Da Redação com Ascom. Publicado em 5 de junho de 2018.

Foto: Ascom

Mesmo com dificuldades para pagar transporte e se deslocar até o local, já que ainda não receberam o salário do mês de maio, os grevistas da saúde de Campina Grande se concentraram na frente da Secretaria de Administração e ocuparam parte do interior na manhã desta terça-feira, 05.

A ação aconteceu em protesto contra o sucateamento da saúde e o descaso da Prefeitura Municipal (PMCG) com relação às reivindicações da categoria. A programação de greve continua na quinta-feira, 07, com assembleia na sede da Associação Atlética Banco Brasil (AABB), a partir das 9h.

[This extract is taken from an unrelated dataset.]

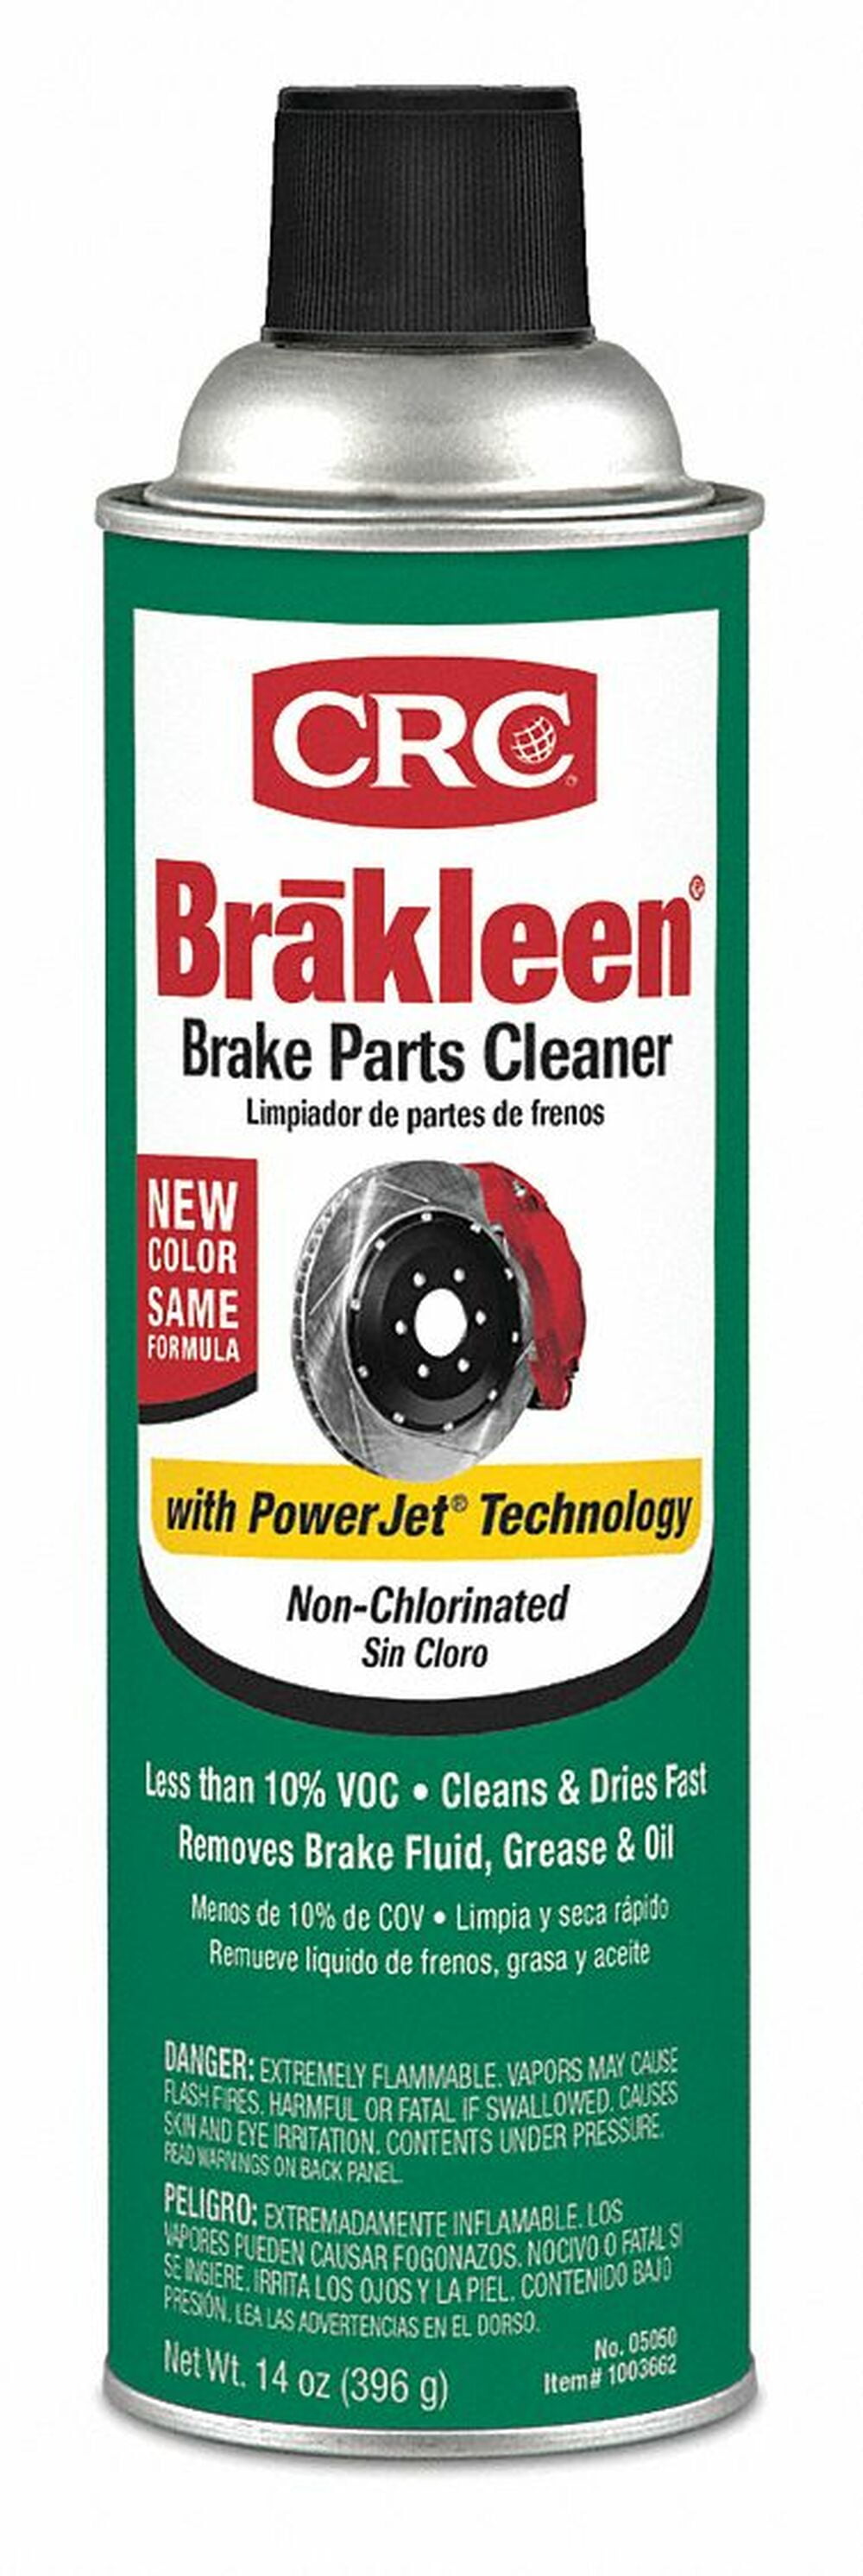 Gunk Pro Series Brake Parts Cleaner - Midwest Technology Products

Até o momento, mais de um mês após o início da paralisação, deflagrada em 02 de maio, a PMCG não convocou os servidores para apresentar alguma proposta de negociação.

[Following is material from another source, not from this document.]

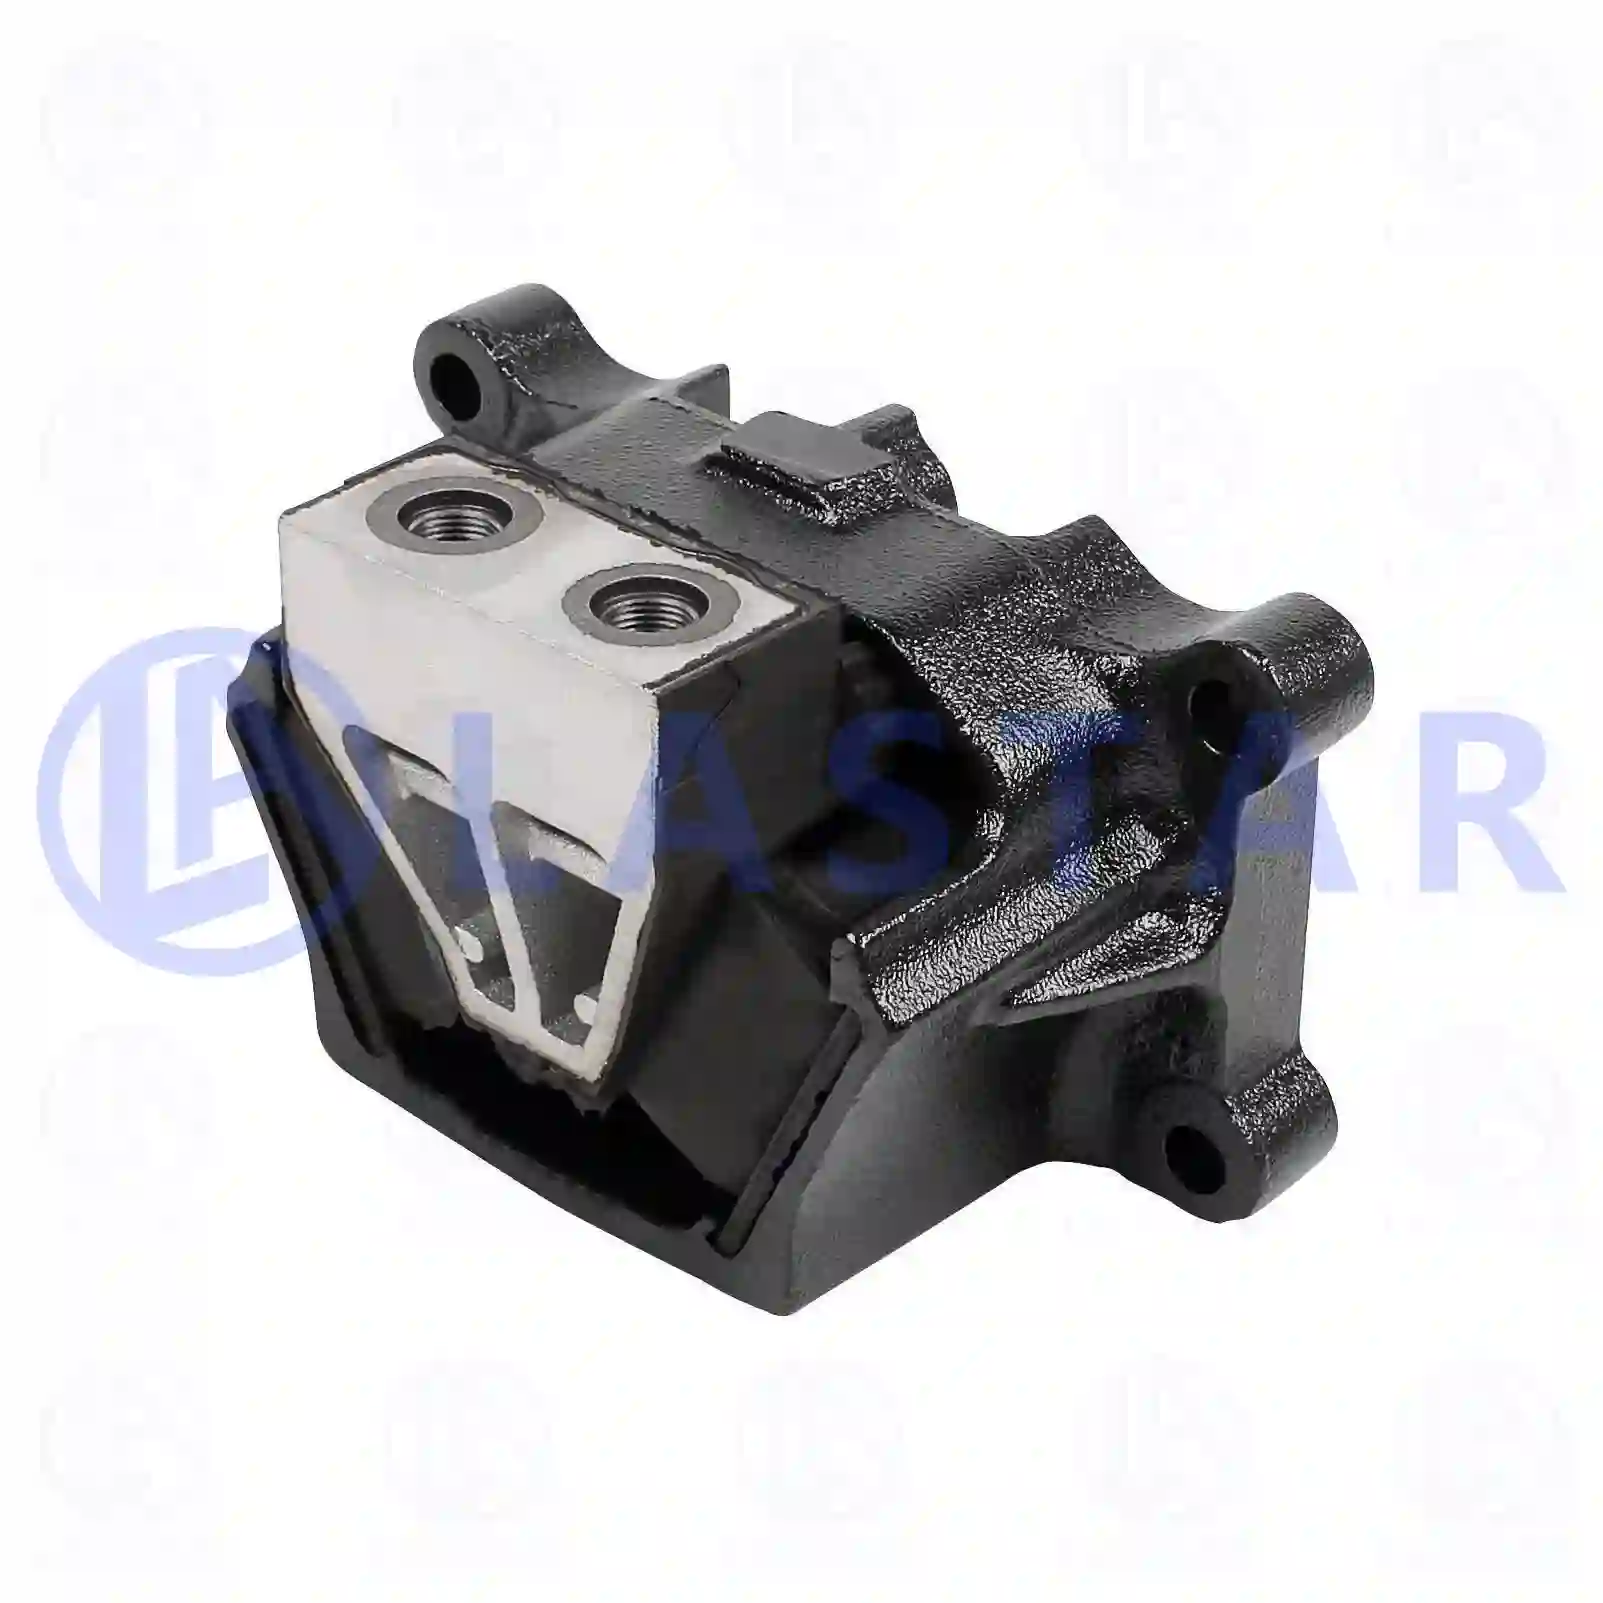 Engine mounting, 77702420, 9412418513, , , , ||  77702420 Lastar Spare Part | Truck Spare Parts, Auotomotive Spare Parts Engine mounting, 77702420, 9412418513, , , , ||  77702420 Lastar Spare Part | Truck Spare Parts, Auotomotive Spare Parts

“Os servidores da saúde aguardam juntamente com a direção do sindicato a chamada do prefeito Romero para nós dialogarmos sobre todas as pendências pelas quais passa a saúde de Campina Grande. Falta tudo nas Unidades de Saúde, desde materiais básicos, a medicamentos e até profissionais”, destacou o presidente do Sindicato dos Trabalhadores Públicos Municipais do Agreste e da Borborema (Sintab), Nazito Pereira.

Durante o ato desta terça, os trabalhadores interromperam por alguns minutos o trânsito nos quatro pontos do cruzamento da Avenida Floriano Peixoto, para divulgar para toda a população os motivos da greve.

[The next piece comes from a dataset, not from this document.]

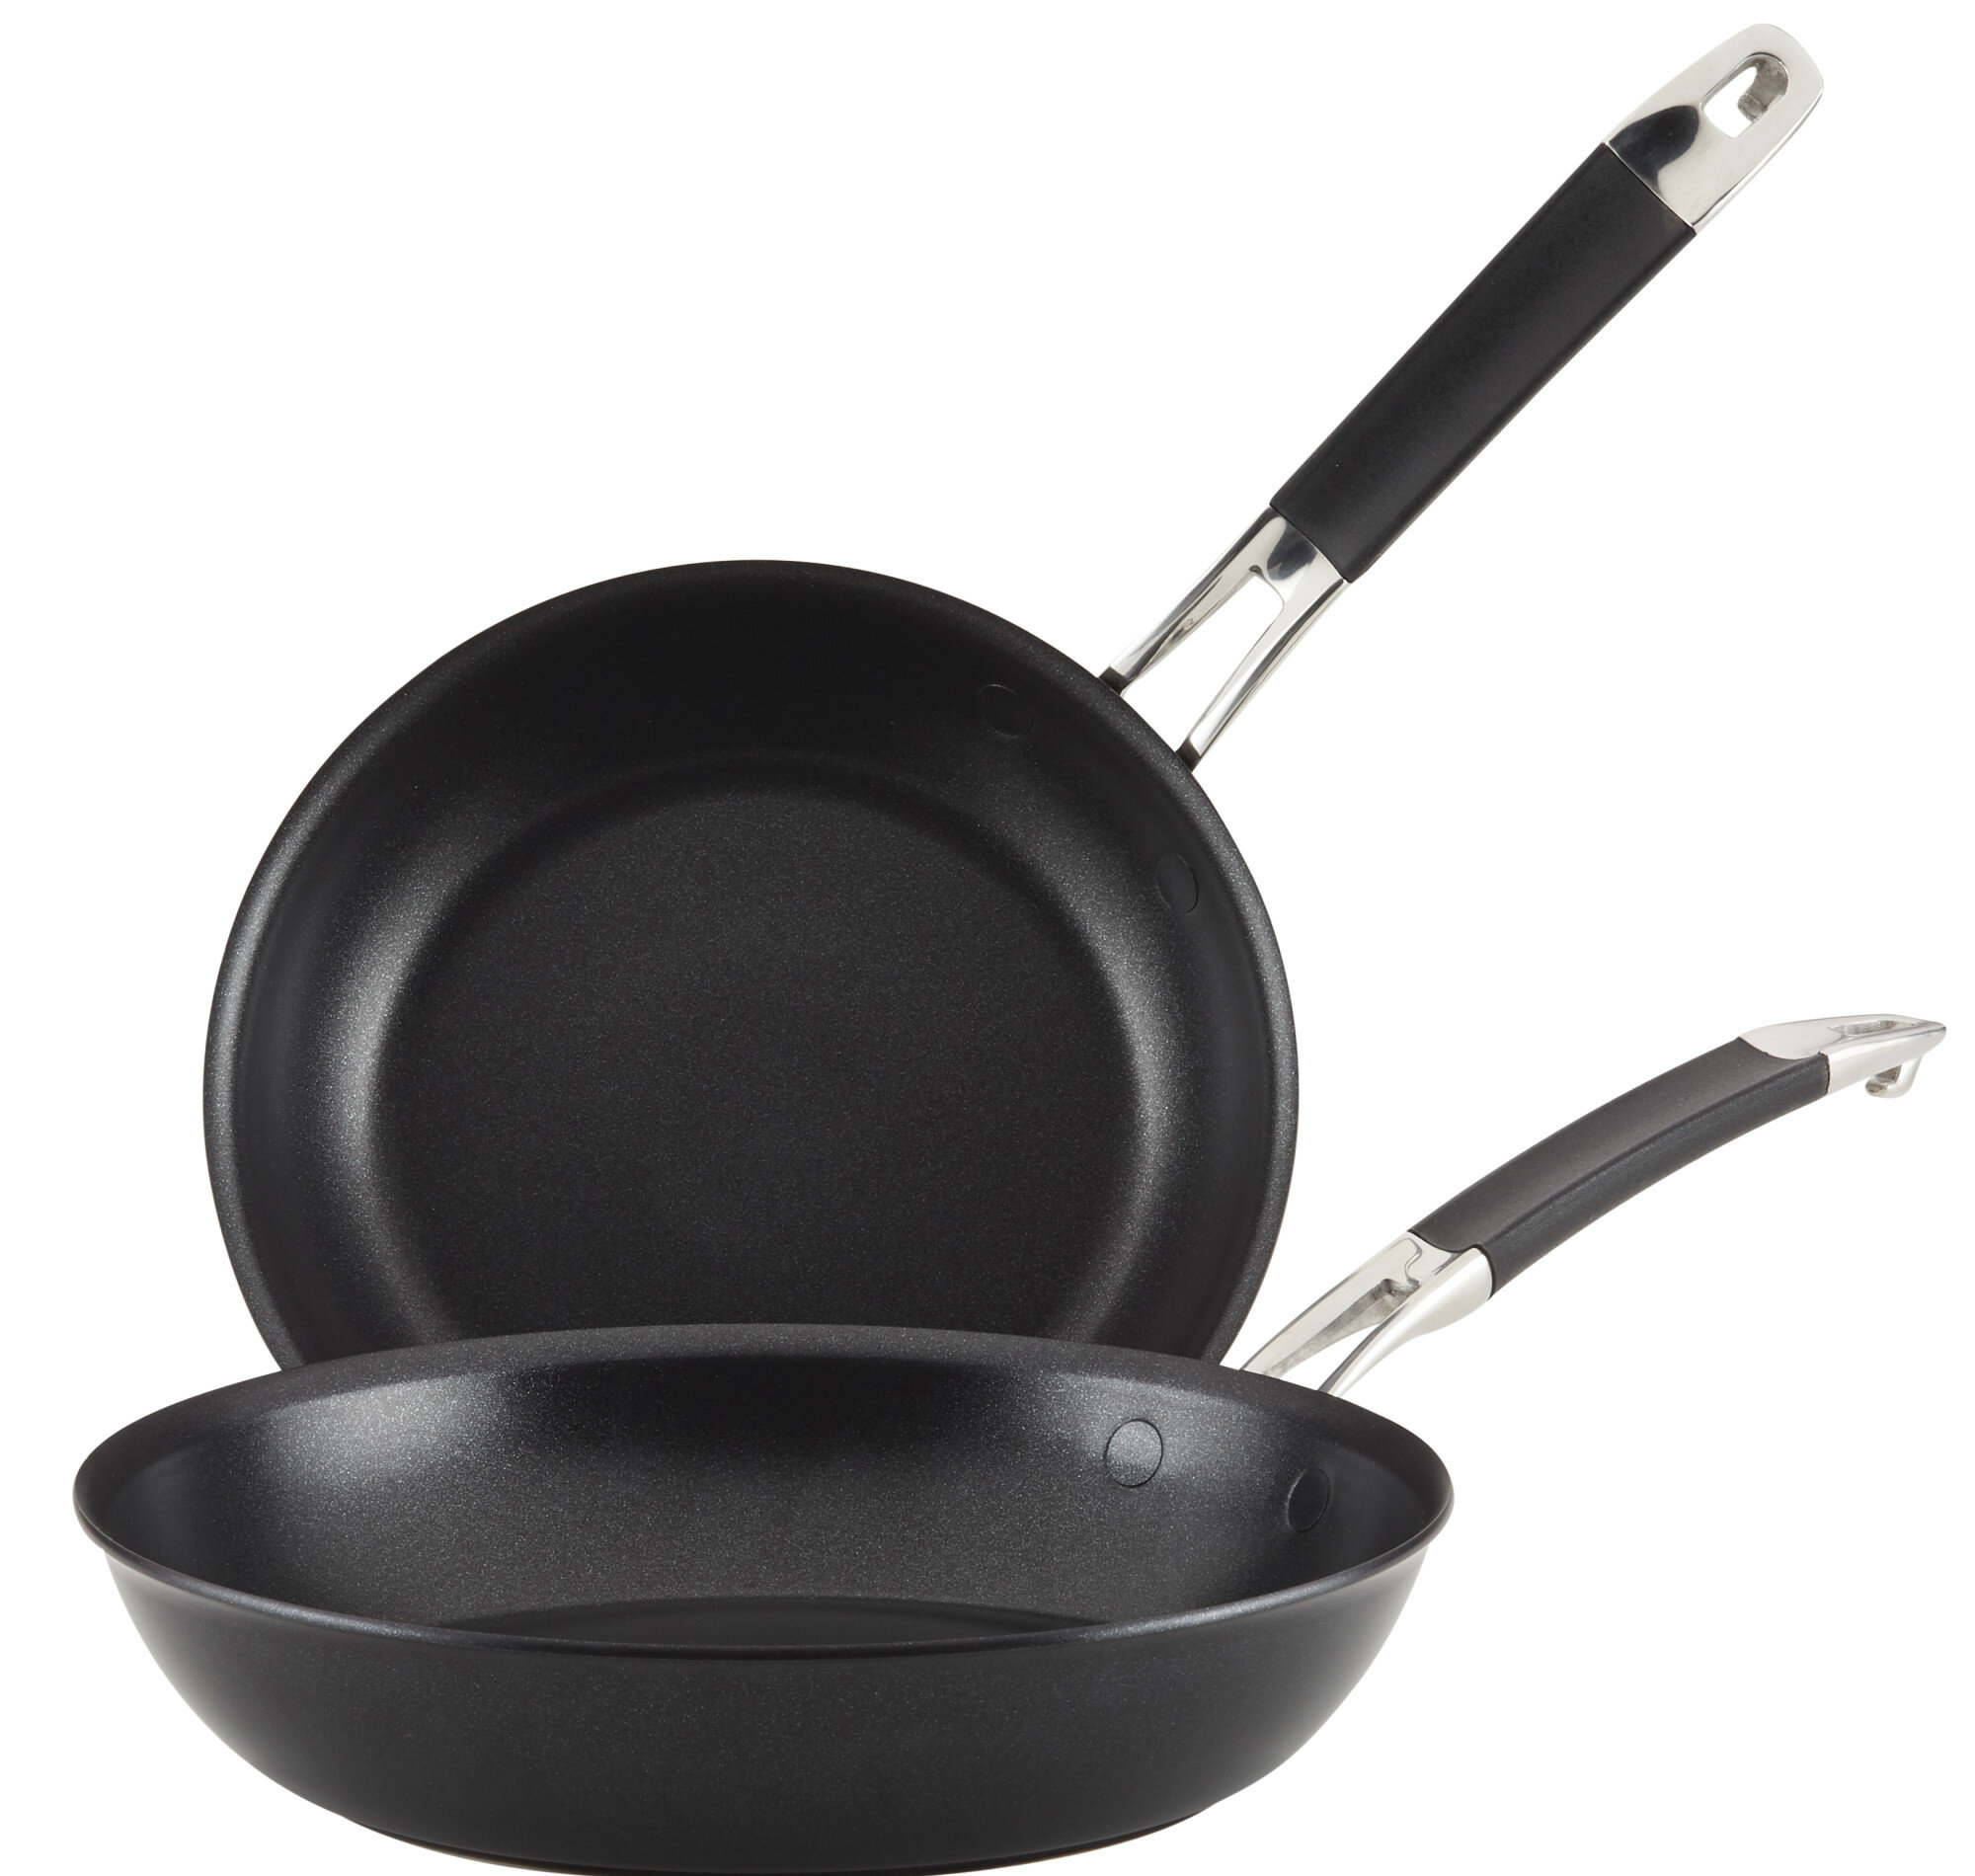 Calphalon Premier Hard-Anodized Nonstick 13-Inch Deep Skillet with

“É mentira dizer que a campanha de imunização foi prejudicada pela greve da saúde, a vacinação foi prejudicada porque falta geladeira e falta vacina nas unidades. Por isso nós continuamos ocupando as ruas, para denunciar o sucateamento dos serviços de saúde de Campina Grande”, esclareceu o vice-presidente do Sintab, Giovanni Pereira.

Foto: Ascom

Para o diretor de Comunicação do sindicato, Napoleão Maracajá, a gestão trata os servidores como inimigos. “Quem faz essa cidade acontecer são os servidores, mas o prefeito os trata como inimigos, não dialoga, não respeita, não chama para explicar pelo menos porque concedeu este reajuste ridículo de apenas 2%. São vários absurdos que nós continuaremos denunciando e vamos lutar para que a situação seja revertida”, pontuou.

Além da avaliar a greve até aqui, a assembleia da próxima quinta servirá para definir os próximos encaminhamentos da paralisação.